Pewarta: Zubi Mahrofi
Jakarta (ANTARA News) - Nilai tukar rupiah yang ditransaksikan antarbank
di Jakarta pada Jumat pagi bergerak melemah sebesar 36 poin menjadi
Rp13.141 dibandingkan posisi sebelumnya di posisi Rp13.105 per dolar AS.
"Belum adanya pertanda perbaikan kinerja pemerintah baik dalam
realisasi pendapatan serta belanja membuat ekspektasi atas pertumbuhan
ekonomi ke depan tetap rendah, situasi itu cukup berdampak pada mata
uang rupiah," kata Ekonom Samuel Sekuritas Rangga Cipta di Jakarta,
Jumat.
Menurut dia, ekspektasi pertumbuhan ekonomi domestik itu akan
menjaga daya tarik aset berdenominasi rupiah tetap rendah.
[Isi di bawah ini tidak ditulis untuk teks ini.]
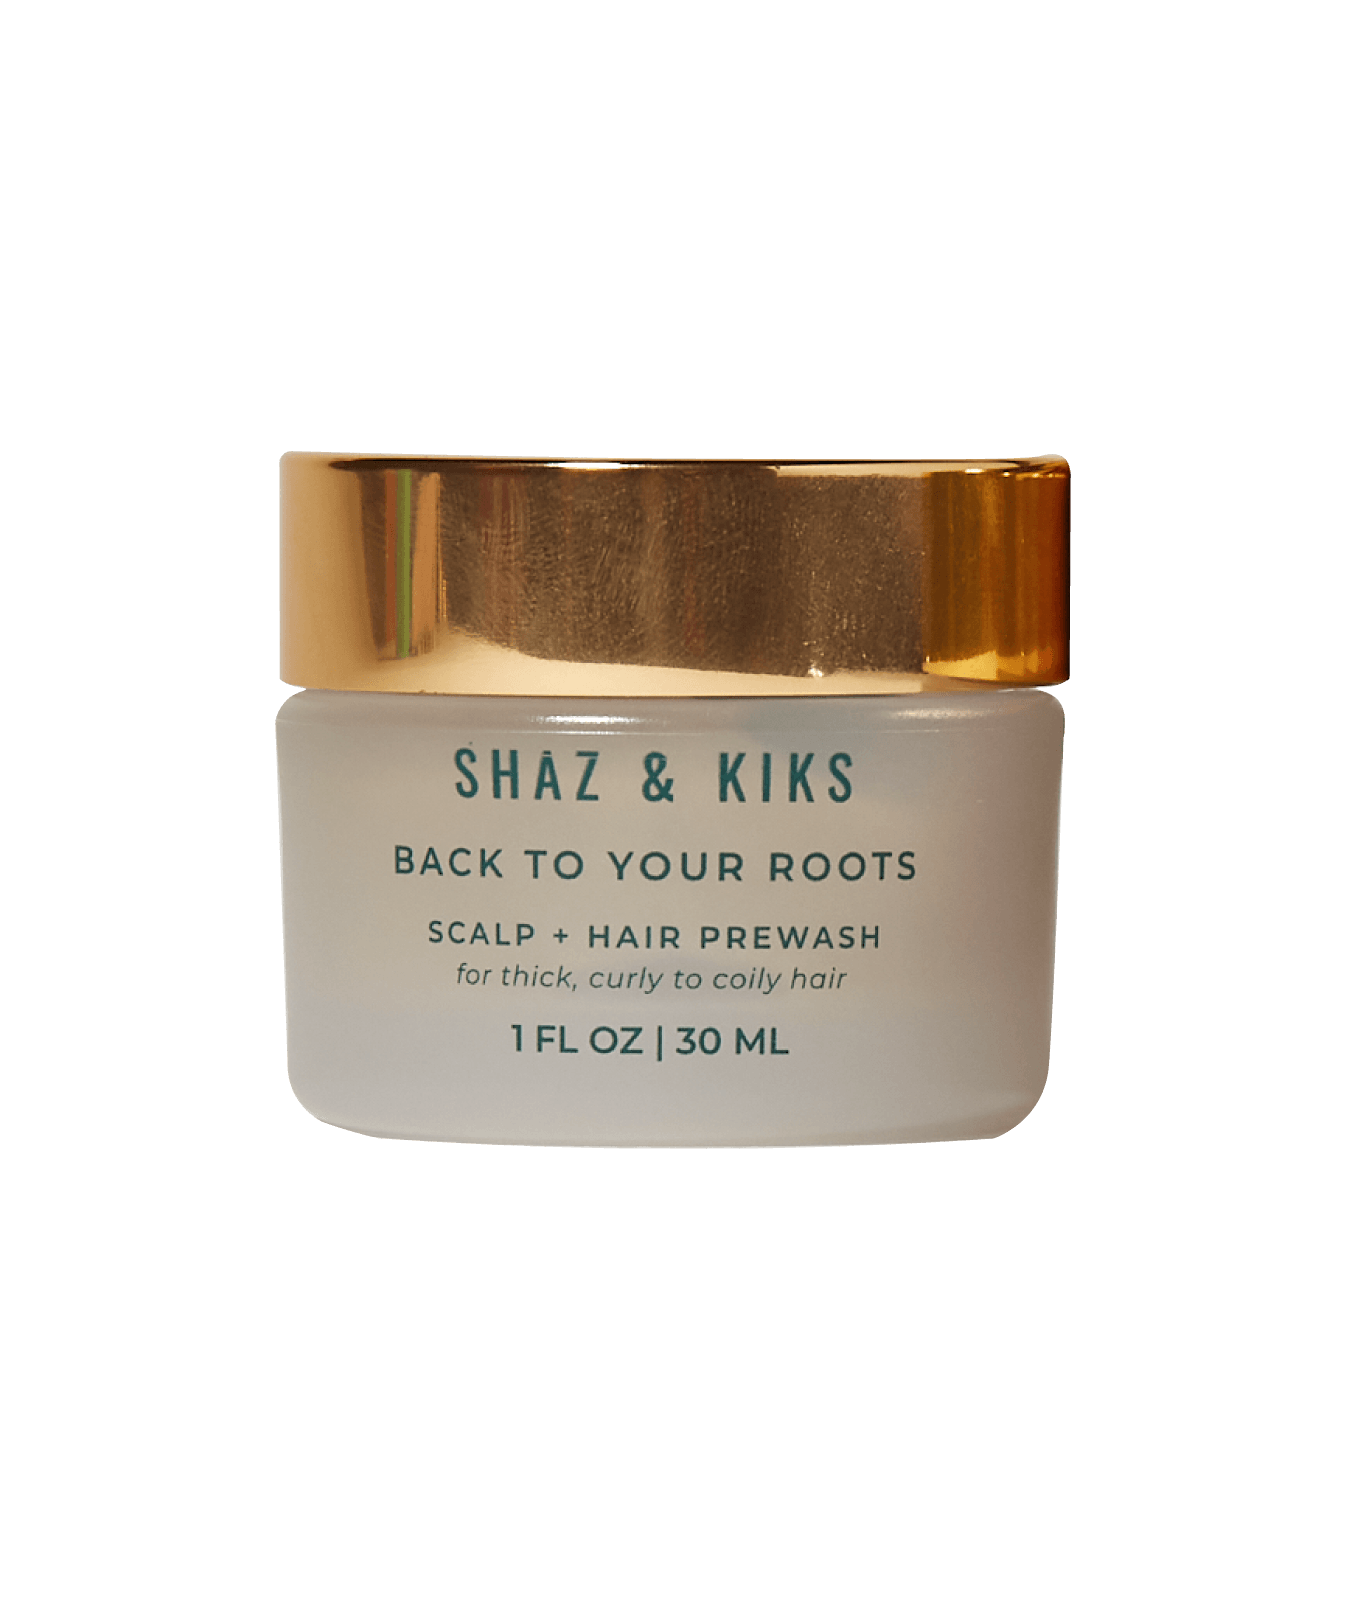 200 pts Shaz + Kiks Mini Scalp + Hair Prewash for Curly Hair - rewards

Sentimen
Standard & Poors (S&P) yang merevisi outlook peringkat utang
Indonesia dari stabil menjadi positif juga relatif minimal.
Kendati demikian, ia mengatakan bahwa angka manufaktur AS diumumkan
turun berpotensi menekan dolar AS di pasar global. Markit Manufaktur
Indeks Pembelian Manajer (PMI) AS turun ke 53,8 pada Mei dari 54,1 pada
April tahun ini.
Sentimen selanjutnya, kata dia, pelaku pasar sedang menunggu
pengumuman bank sentral Jepang mengenai target kebijakan moneternya.
Kemudian, pelaku pasar juga menanti angka inflasi Amerika Serikat yang
diperkirakan masih berada di zona negatif.
Pengamat Pasar Uang Bank Himpunan Saudara, Rully Nova menambahkan
bahwa sentimen global masih menjadi faktor utama yang menekan mata uang
rupiah terhadap dolar AS.
Sebagian pelaku pasar uang menunggu pidato Ketua Fed Janet Yellen tentang prospek ekonomi AS pada Jumat ini waktu setempat.
"Pidato the Fed dinantikan pasar, diharapkan ada petunjuk lebih lanjut tentang waktu kenaikan suku bunga," katanya.
Di tengah penantian itu, menurut dia, volatilitas rupiah masih akan
tinggi karena belum adanya kepastian waktu kenaikan suku bunga AS (Fed
fund rate), pelaku pasar uang cenderung akan tetap mengakumulasi mata
uang yang dianggap dapat menjaga nilai aset, salah staunya dolar AS.